Hempstead town council
D'Esposito was appointed as a councilman on the Hempstead, New York, town council in 2016, and won a full term the following year. He served on the council until 2023. 

During his tenure on the council, D'Esposito also accepted a job with the Nassau County Board of Elections that paid a salary of $100,000, which raised ethical concerns about potential conflicts of interest.

D'Esposito voted for a labor contract that protected his mother, brother and sister-in-law from being terminated.  This contract was later overturned by Nassau County Supreme Court judge Randy Sue Marber.  Marber stated that D'Esposito violated the "spirit and intent" of the towns ethics code and that the vote "lacked any semblance of rationality, and constituted an abuse of power.

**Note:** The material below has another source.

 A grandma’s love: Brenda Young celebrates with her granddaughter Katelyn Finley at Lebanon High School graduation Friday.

U.S. House of Representatives

2022 campaign 

After winning the Republican 2022 primary election unopposed, D'Esposito faced former Hempstead town supervisor Laura Gillen in the general election. D'Esposito framed the race as a referendum on public safety and cost-of-living issues.

D'Esposito defeated Gillen with 51.8% of the vote. Some analysts attributed his victory to gubernatorial candidate Lee Zeldin's political coattails.

Tenure 
In January 2023, D'Esposito became the first sitting Republican representative to call for Representative George Santos' resignation in the wake of revelations about Santos' false biographical statements. D'Esposito's office has reportedly aided with services for a number of Santos' neighboring 3rd district constituents, who cannot reach or refuse to work with Santos' office. On March 7, 2023, D'Esposito introduced the No Fortune for Fraud Act, legislation that would alter House rules to prohibit members from being paid for their celebrity status if they are indicted for finance or fraud crimes; Santos, who is under investigation for fraud and check forgery in Brazil, is not directly named in the legislation, but D'Esposito said he was "an inspiration" for it.

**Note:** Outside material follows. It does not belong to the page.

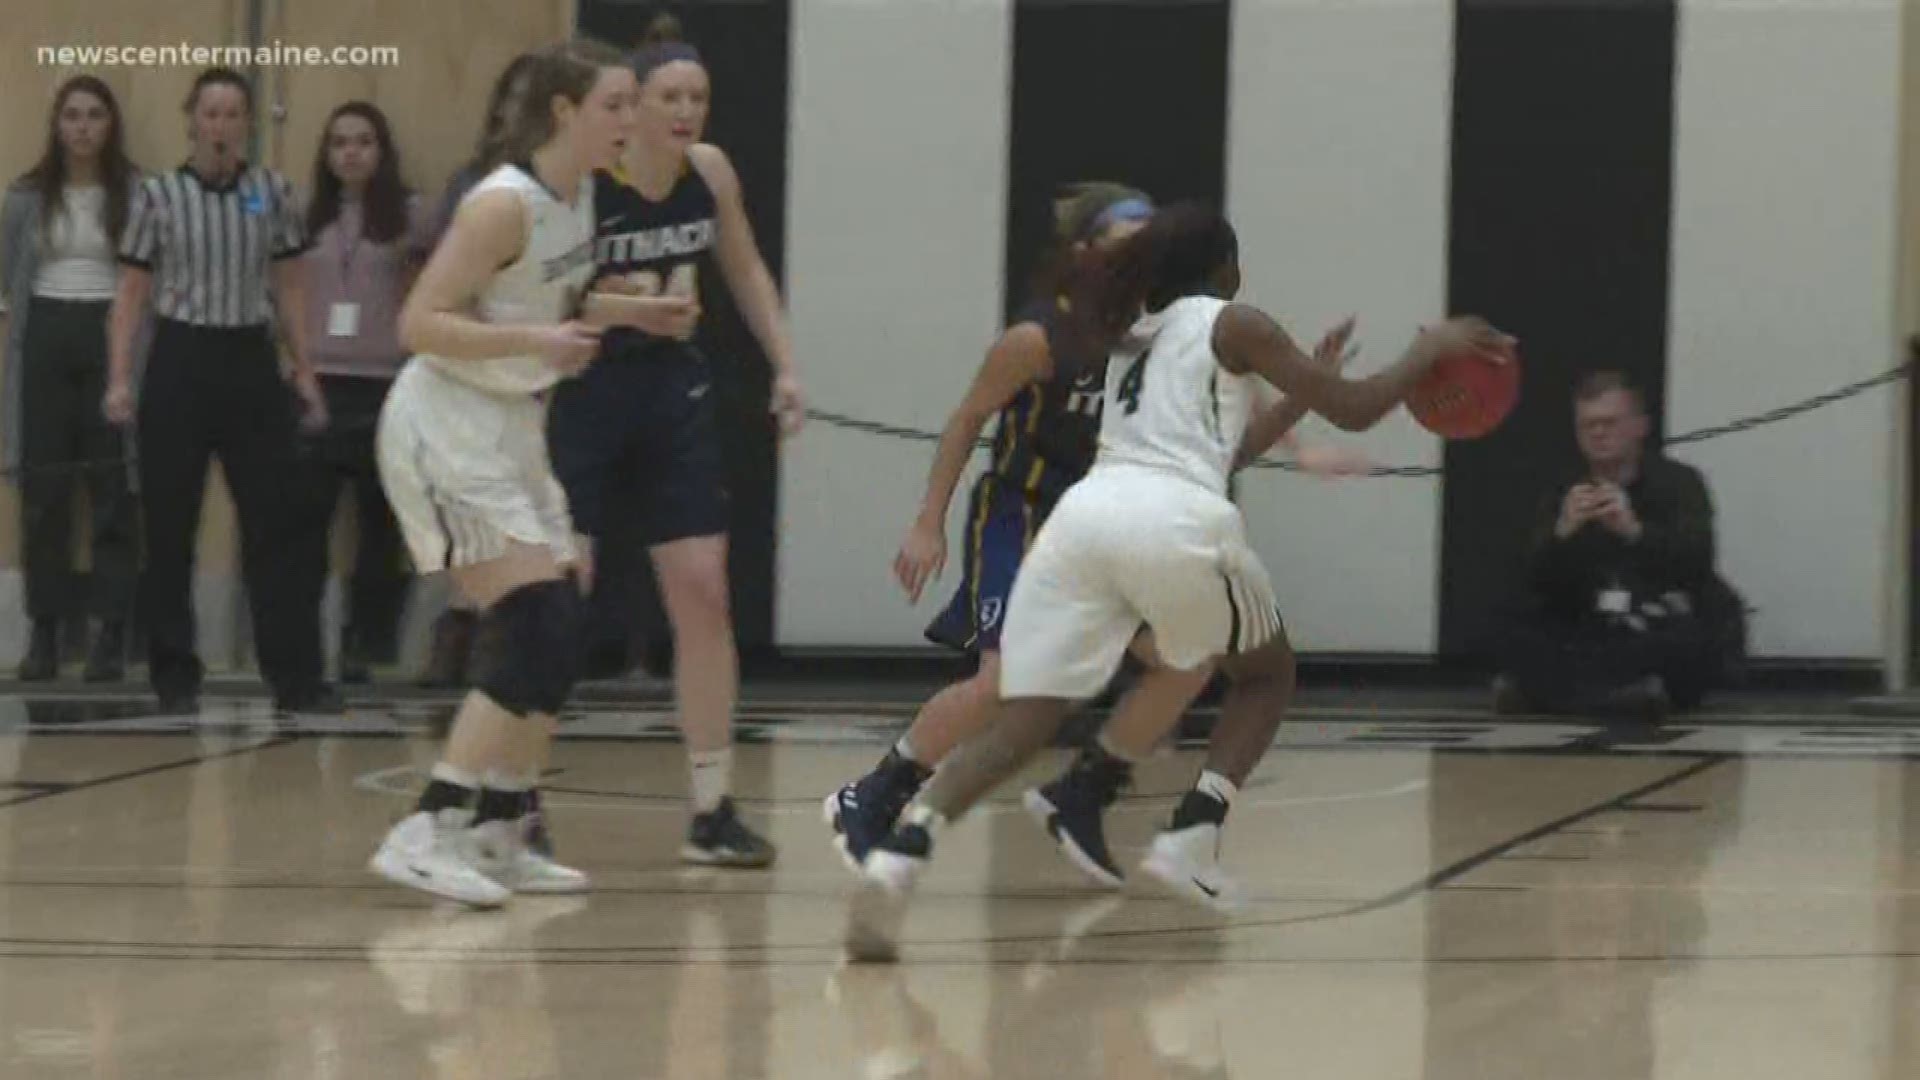 For the second year in a row, the Bowdoin women's basketball team is headed to the final four.

D'Esposito supported Kevin McCarthy in the 2023 Speaker of the House election.

Personal life 
D'Esposito is of Italian and Puerto Rican ancestry.

See also

List of Hispanic and Latino Americans in the United States Congress

References

External links
 Congressman Anthony D'Esposito official U.S. House website
 Anthony D'Esposito for Congress

 

|-

1982 births
American people of Italian descent
Hispanic and Latino American members of the United States Congress
Hispanic and Latino American people in New York (state) politics
Living people
New York (state) city council members
New York (state) Republicans
Puerto Rican people in New York (state) politics
Republican Party members of the United States House of Representatives from New York (state)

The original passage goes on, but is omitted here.